Я опустил кейс на пол и взглянул на Еву. Она по-прежнему сидела безучастно, и ее молчание было красноречивее всяких слов. Только теперь я заметил, что ее запястья туго обмотаны полосками лейкопластыря, а с кресла свисает и змеится вдоль плинтуса скрученный шнур, который заканчивается тем самым выключателем, с которым забавлялся Олег Иванович. Вилка торшера торчала в розетке.

Вот она — его главная фишка.

— Надеюсь, вам не придет в голову использовать это ваше… устройство? — произнес я, дергая молнию куртки. — Вы ведь у нас — духовное лицо.

Он хлопнул себя по колену и произнес:

— Давайте-ка, Егор Николаевич, книженцию, и покончим с этим. Где вы там ее прячете? Что касается духовного лица…

— Снимите с нее это, — сказал я, — иначе…

— Что? — Он подался вперед, и всякий намек на улыбку смыло с его физиономии. — Вы, кажется, мне угрожаете? Лихо! Это в вашем-то положении!

Лидер церкви «Свет Истины» слегка оскалился, сделавшись похожим на потревоженную летучую мышь.

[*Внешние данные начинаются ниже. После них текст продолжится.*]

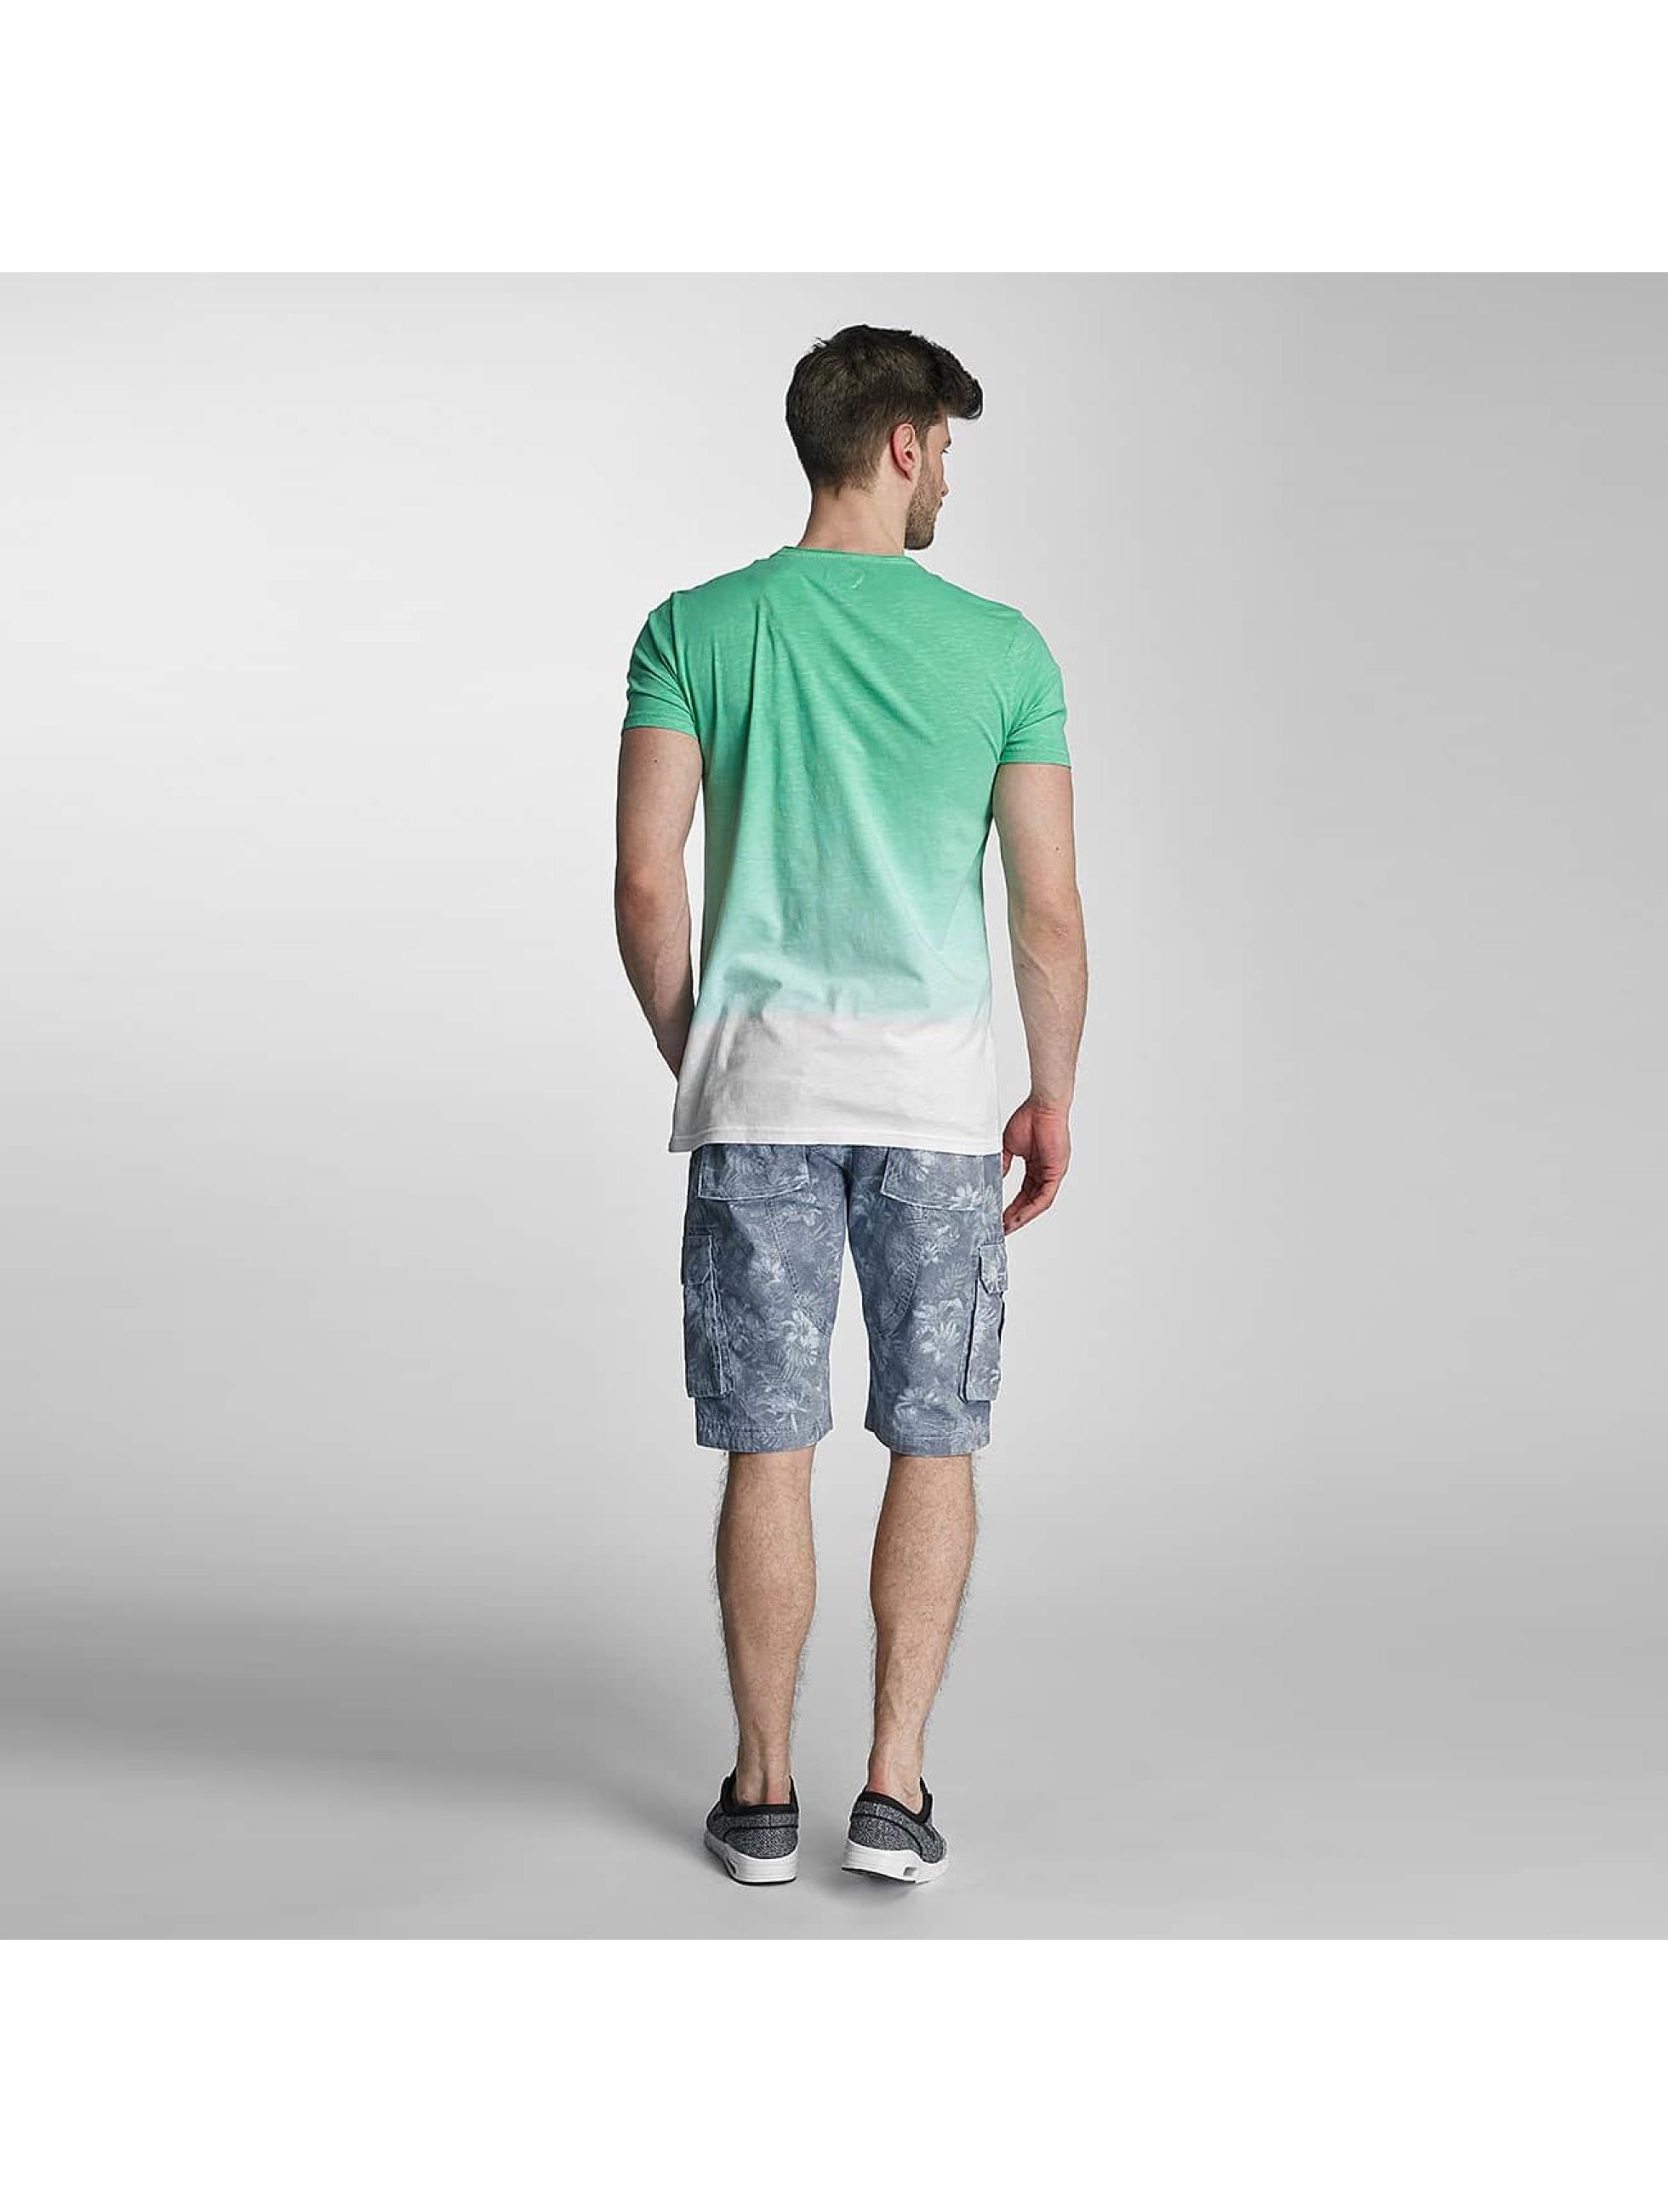 SHINE Original T-Shirt Dip Dyed grün

— Хорошо, — произнес я. — Отложим дискуссию.

Я наконец-то справился с молнией и начал разматывать желтый скотч, накрученный поверх свитера и Библии. Соболь с любопытством наблюдал, одновременно держа Еву в поле зрения.

Наконец я швырнул липкие обрывки в угол и подал ему книгу.

— Забавный раритет, — лениво протянул он. — Посмотрим, посмотрим… Жаль, что я раньше не догадался обратить на него внимание.

Я поразился его наглости.

— Где это вы могли его видеть?

— От вас, господин адвокат, у меня буквально никаких секретов! — Он шутовски пожал плечами. — Конечно же, в доме семейства Кокориных, там она и находилась до того, как попала к вам. К сожалению, в ту пору я не располагал той поистине драгоценной информацией, которой поделилась — заметьте, совершенно добровольно! — ваша очаровательная супруга.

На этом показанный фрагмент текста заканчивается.